#### Task brief:
Could you retype the lines below, starting at the line holding "Combination Therapy for" and stopping at the line holding "Art Campion (Father", inclusive? Copy them exactly and drop the images.

#### Stored data:
- - - -
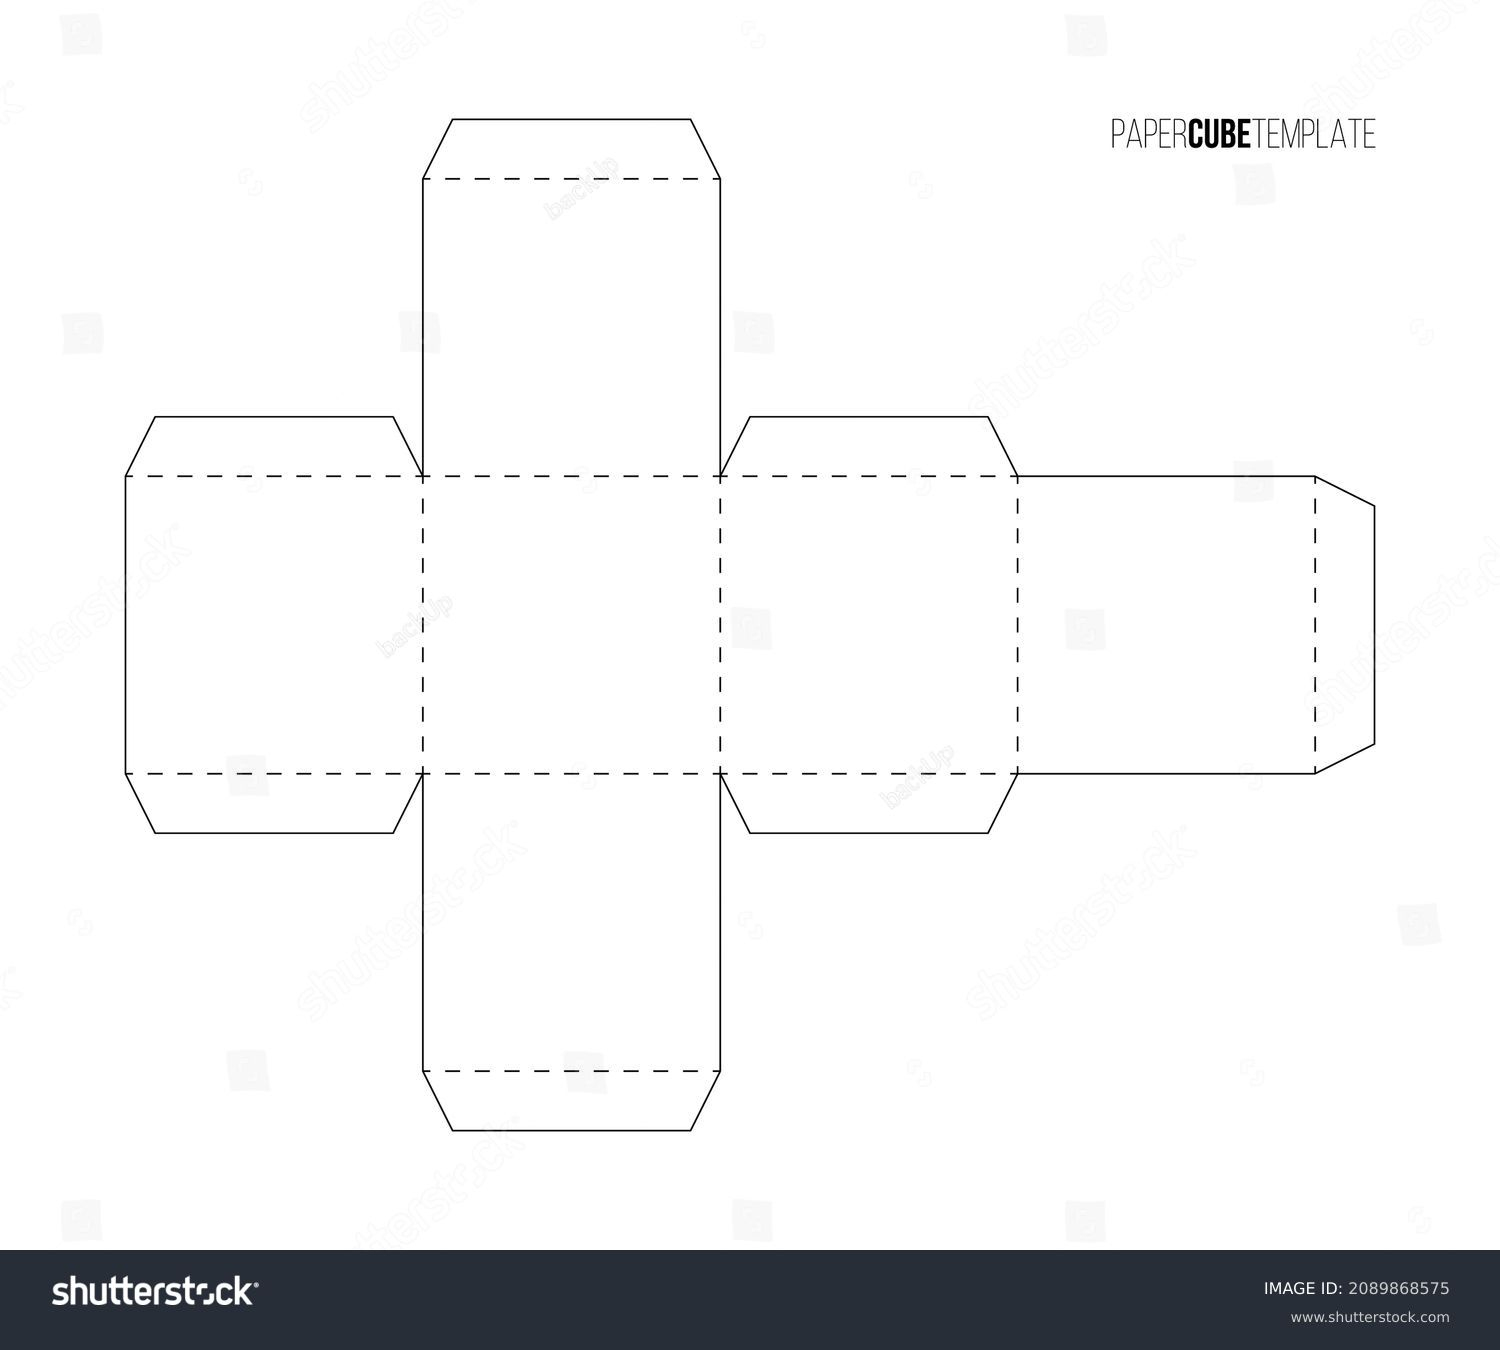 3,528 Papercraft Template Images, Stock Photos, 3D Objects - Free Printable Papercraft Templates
- - - -
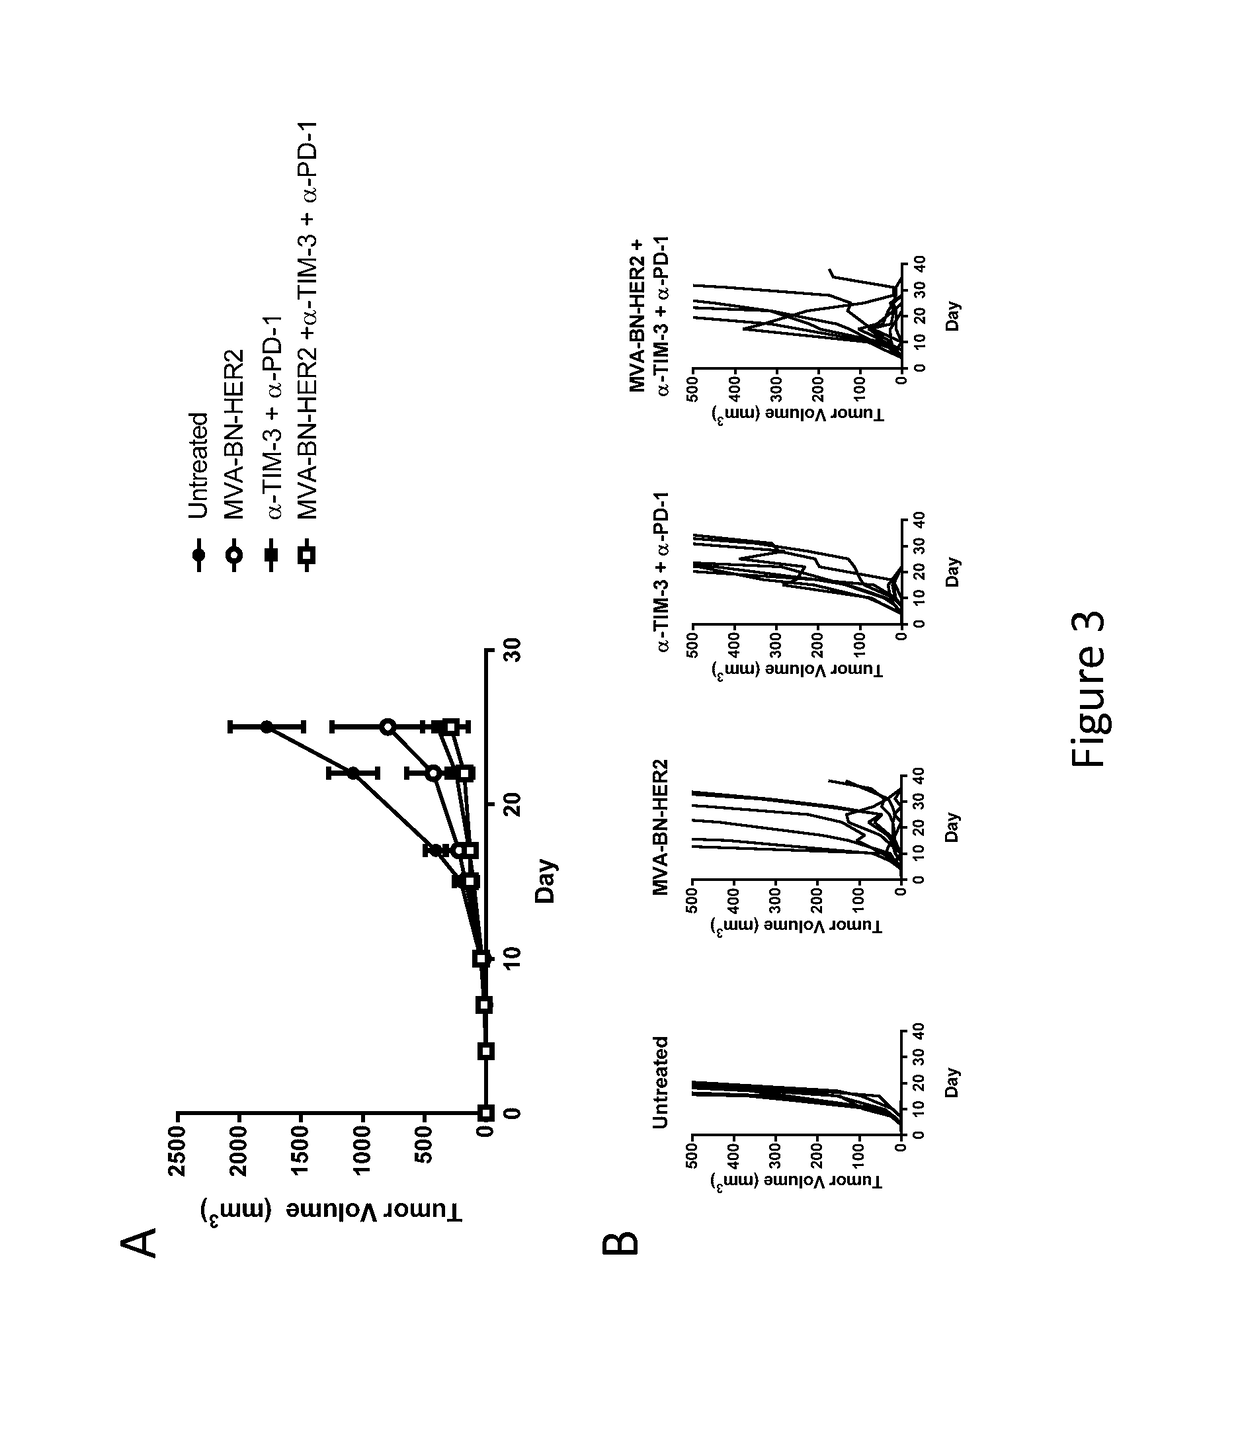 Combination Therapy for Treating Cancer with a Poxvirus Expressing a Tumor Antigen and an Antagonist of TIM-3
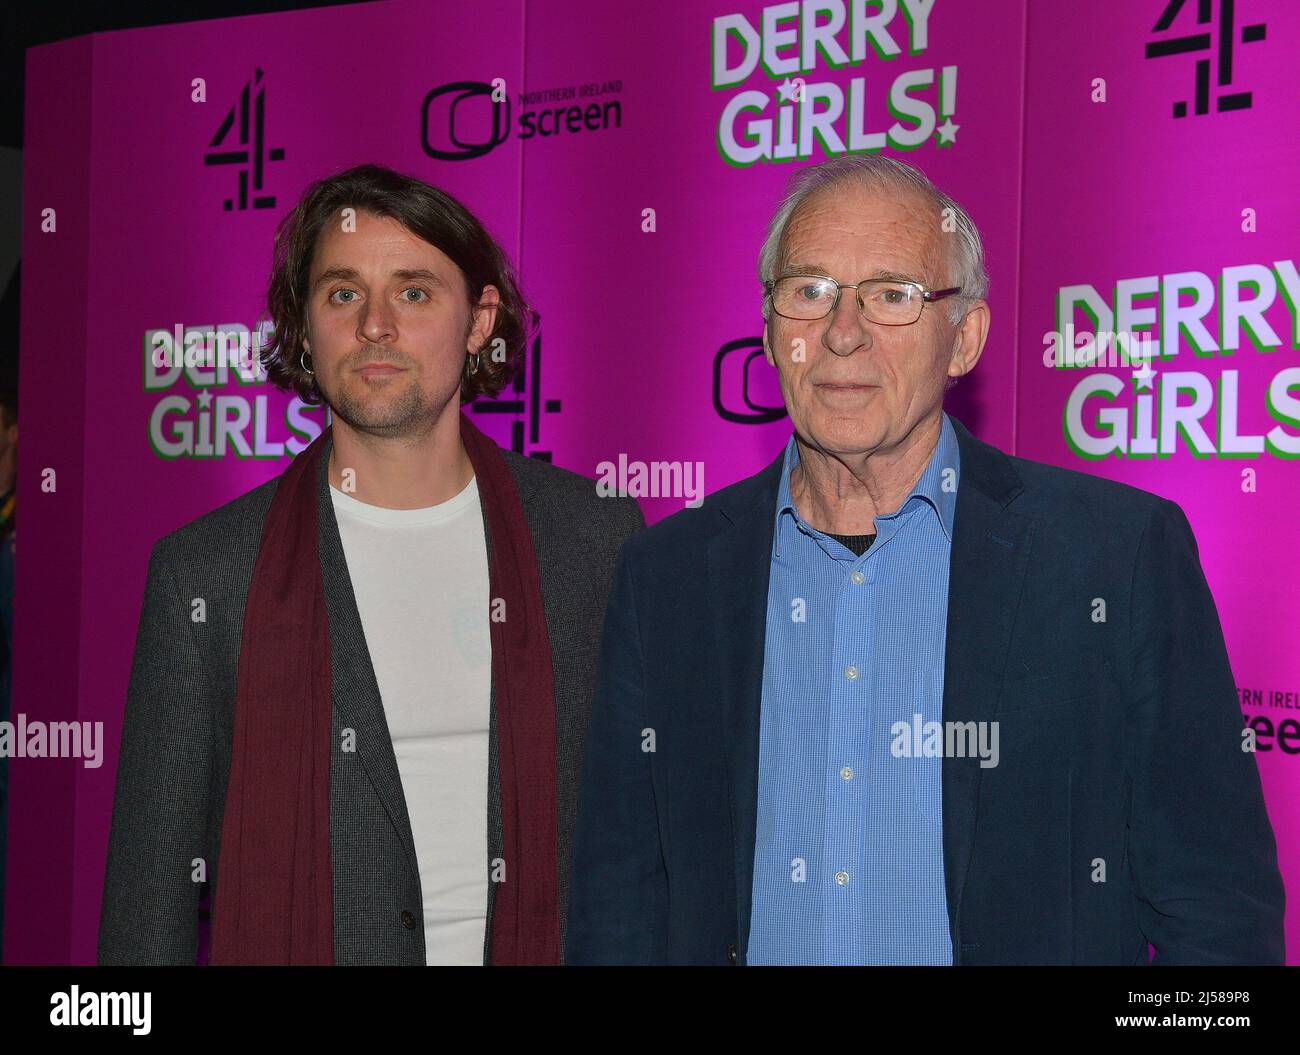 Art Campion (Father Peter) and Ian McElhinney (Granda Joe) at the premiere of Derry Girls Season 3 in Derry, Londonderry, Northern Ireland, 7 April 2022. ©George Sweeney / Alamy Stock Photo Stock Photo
- - - -
#### Written solution:
 Combination Therapy for Treating Cancer with a Poxvirus Expressing a Tumor Antigen and an Antagonist of TIM-3
 Art Campion (Father Peter) and Ian McElhinney (Granda Joe) at the premiere of Derry Girls Season 3 in Derry, Londonderry, Northern Ireland, 7 April 2022. ©George Sweeney / Alamy Stock Photo Stock Photo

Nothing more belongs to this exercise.